▸ **TRY IT**
Could you transcribe all of the data exactly and skip any pictures?

*** Opening INFORMATION SHOWN ***

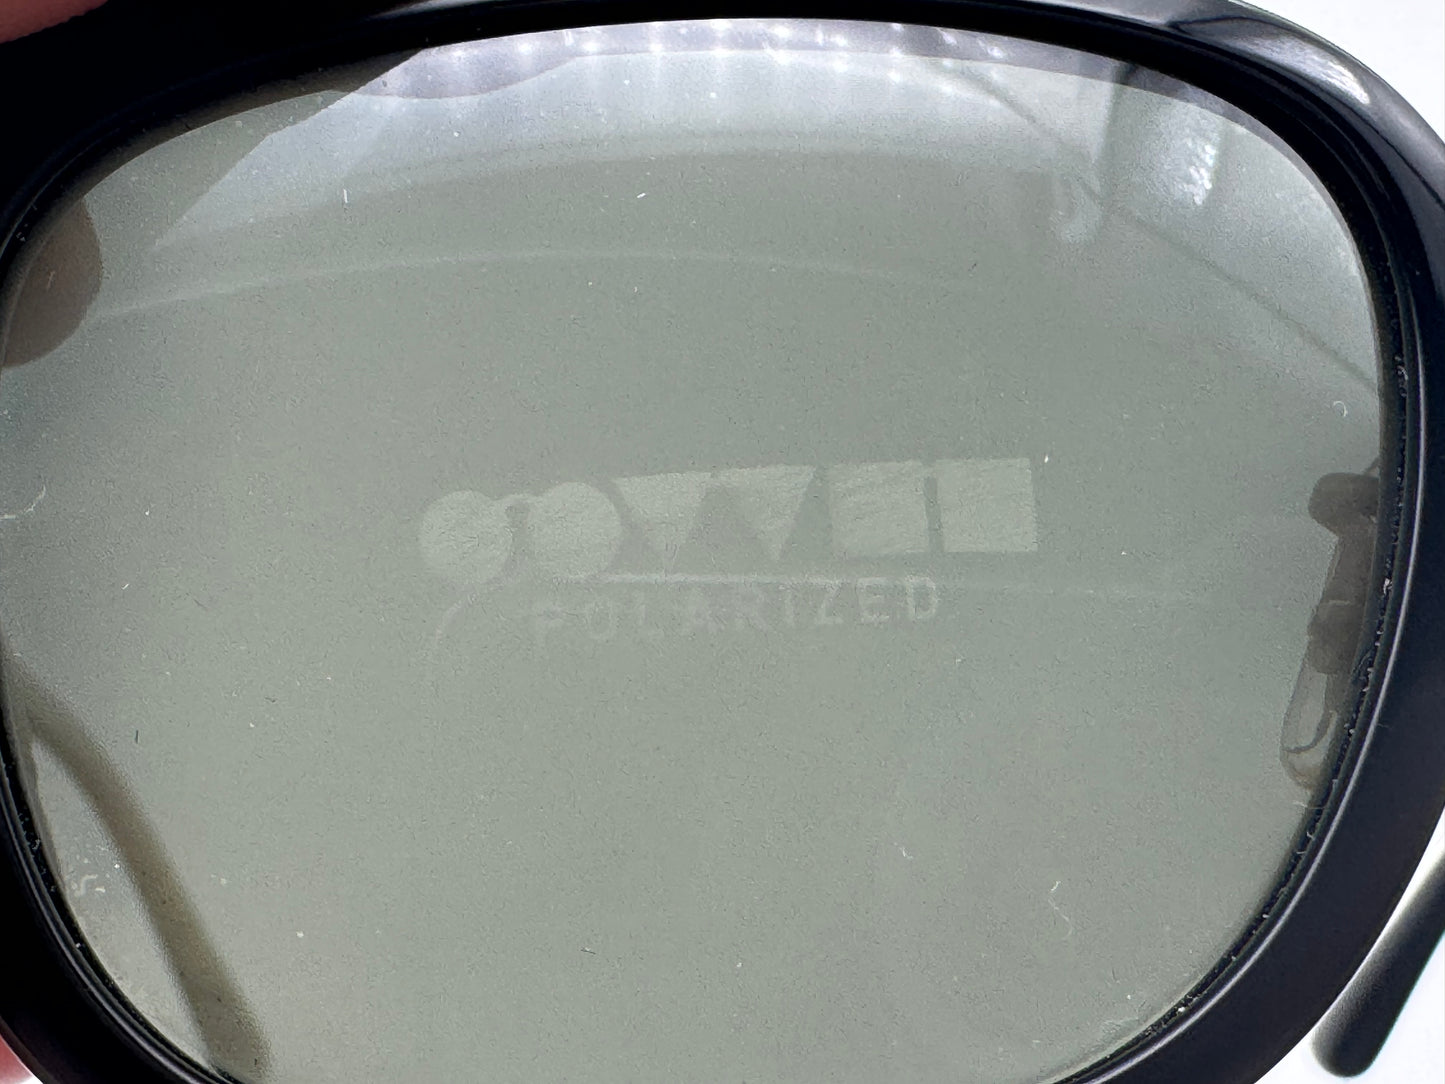 Oliver Peoples Kettner 52mm Black G 15 Polarized lens OV 5339 s 1005P1 Preowned
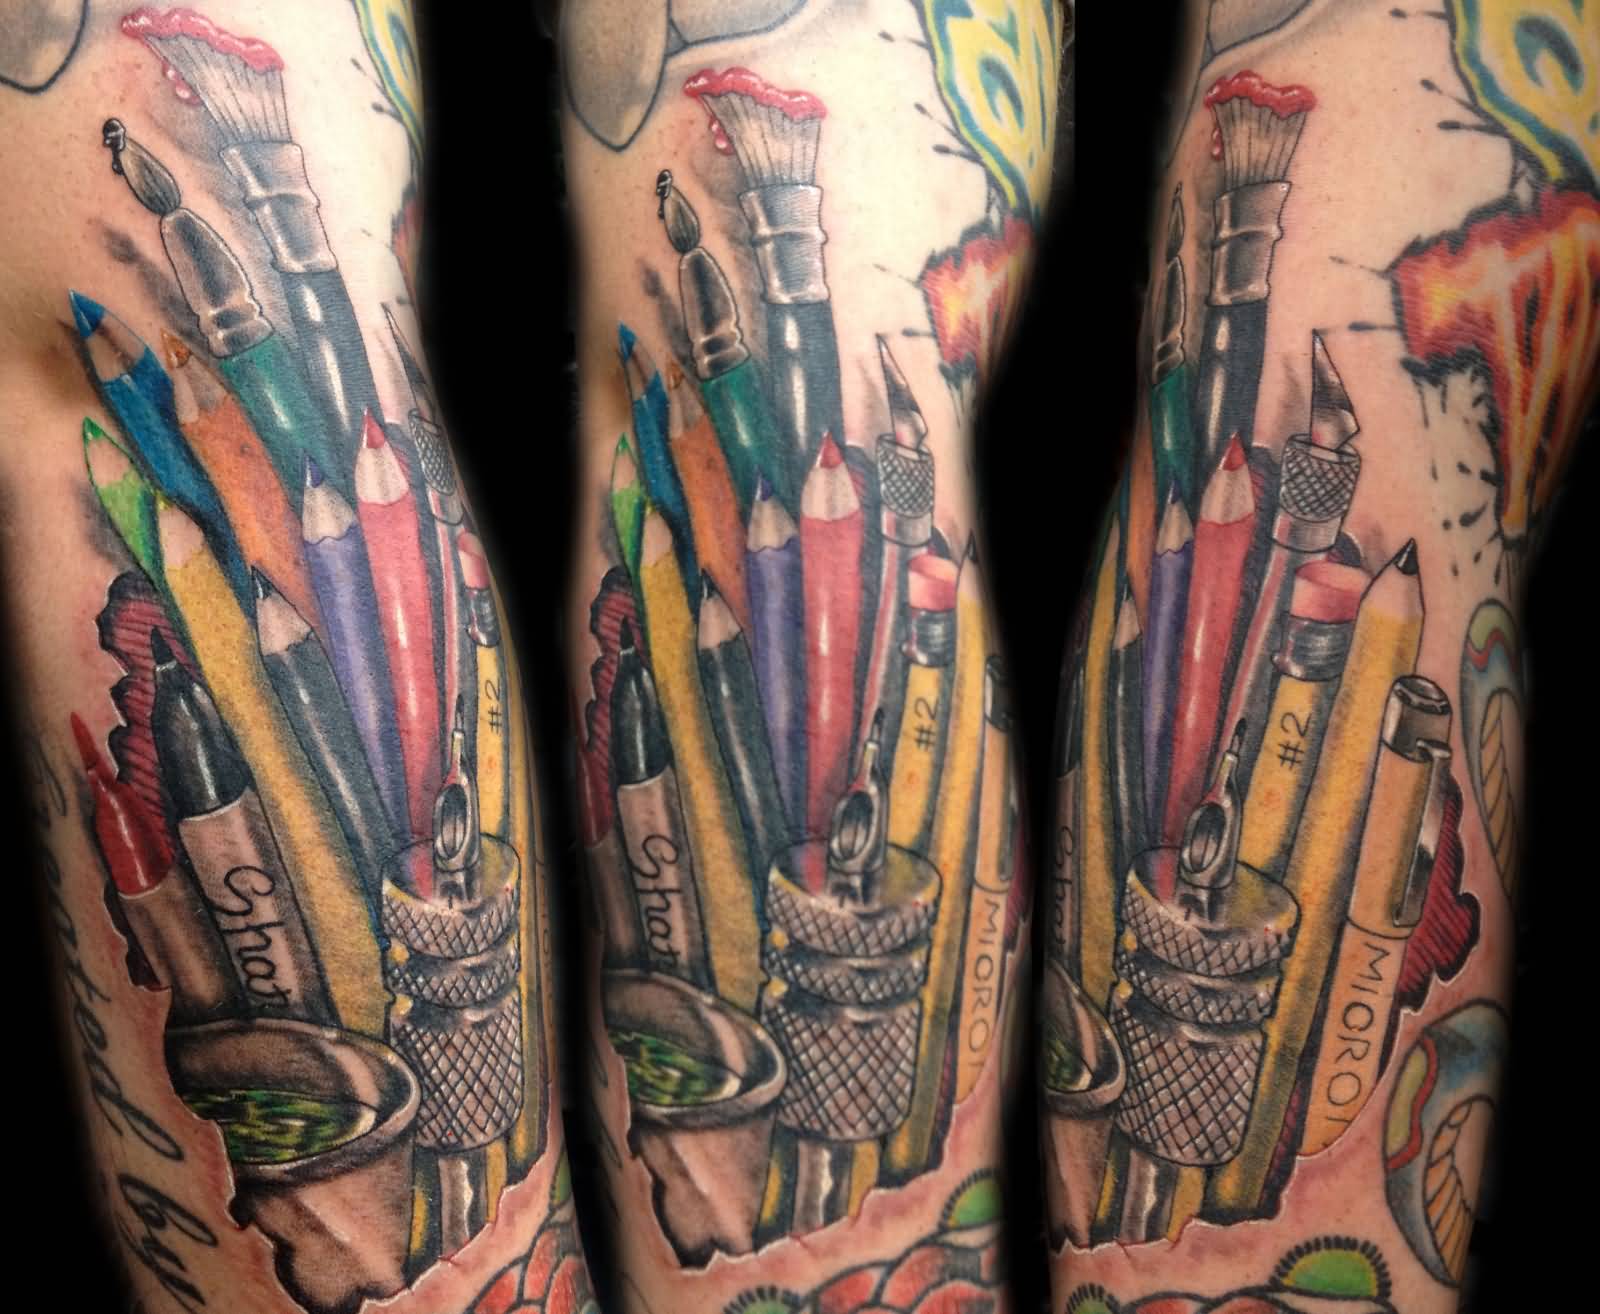 Artistic Brush And Pencils Tattoo On Sleeve
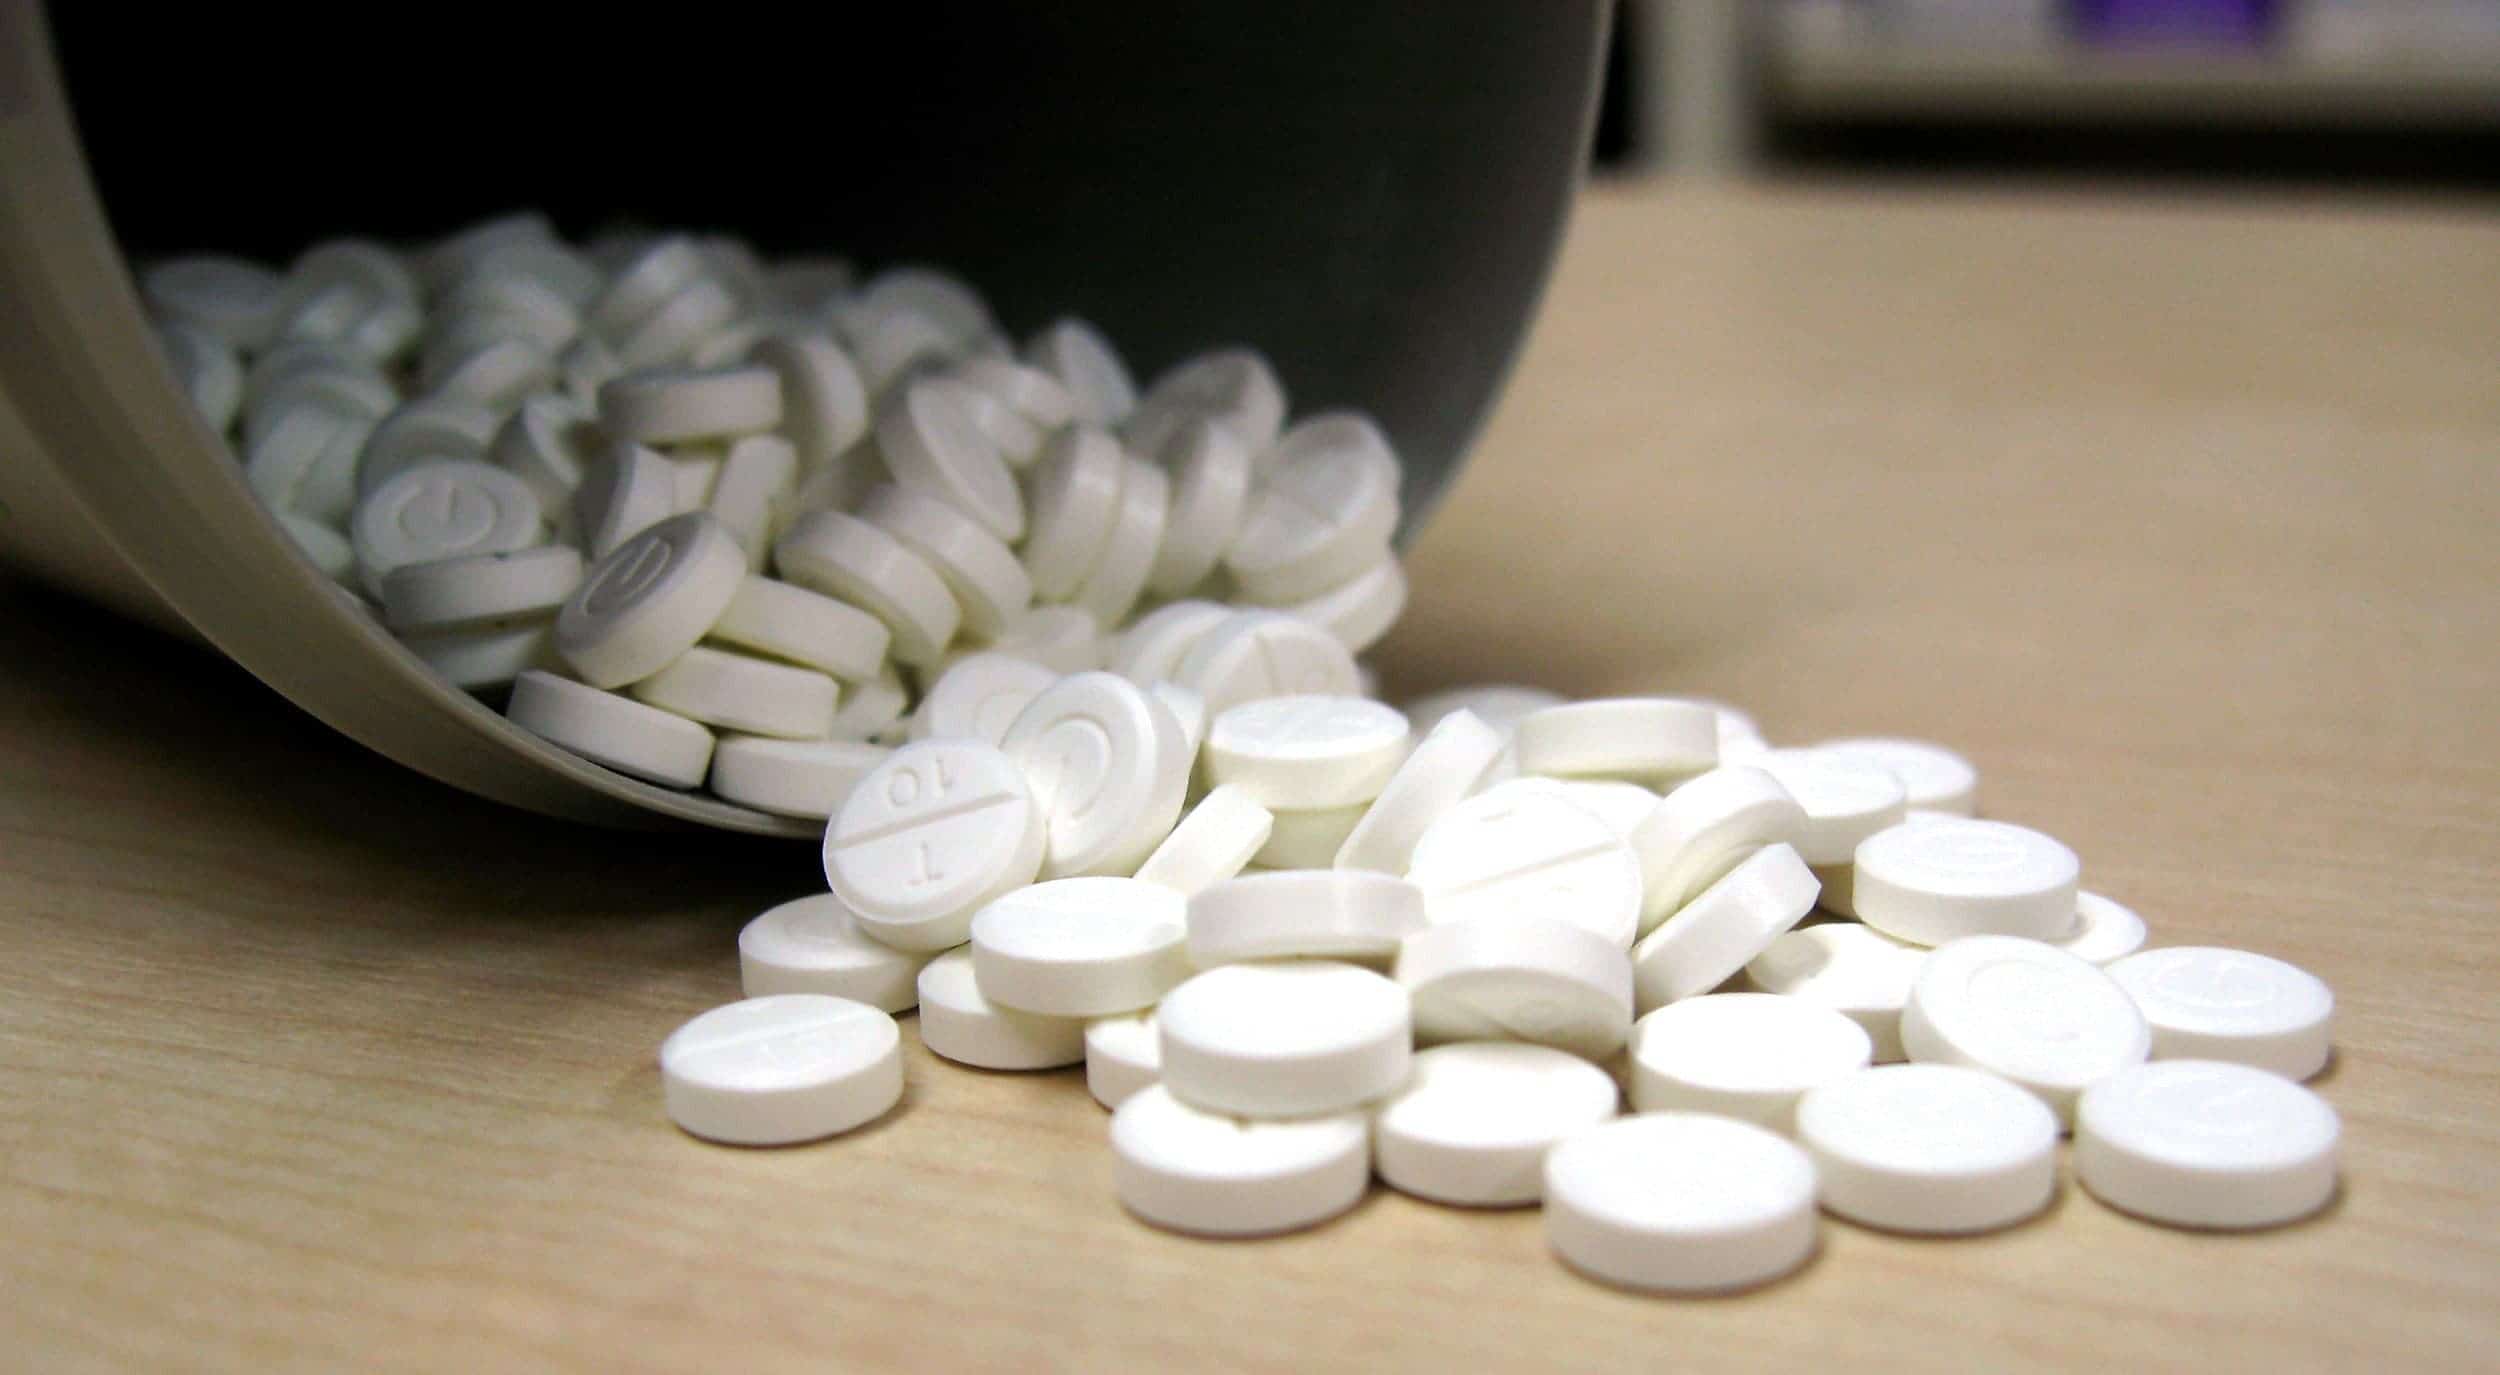 temazepam tablets 10mg pills

*** Closing INFORMATION SHOWN ***

▸ **EXERCISE RESULT**
 Oliver Peoples Kettner 52mm Black G 15 Polarized lens OV 5339 s 1005P1 Preowned
 Artistic Brush And Pencils Tattoo On Sleeve
 temazepam tablets 10mg pills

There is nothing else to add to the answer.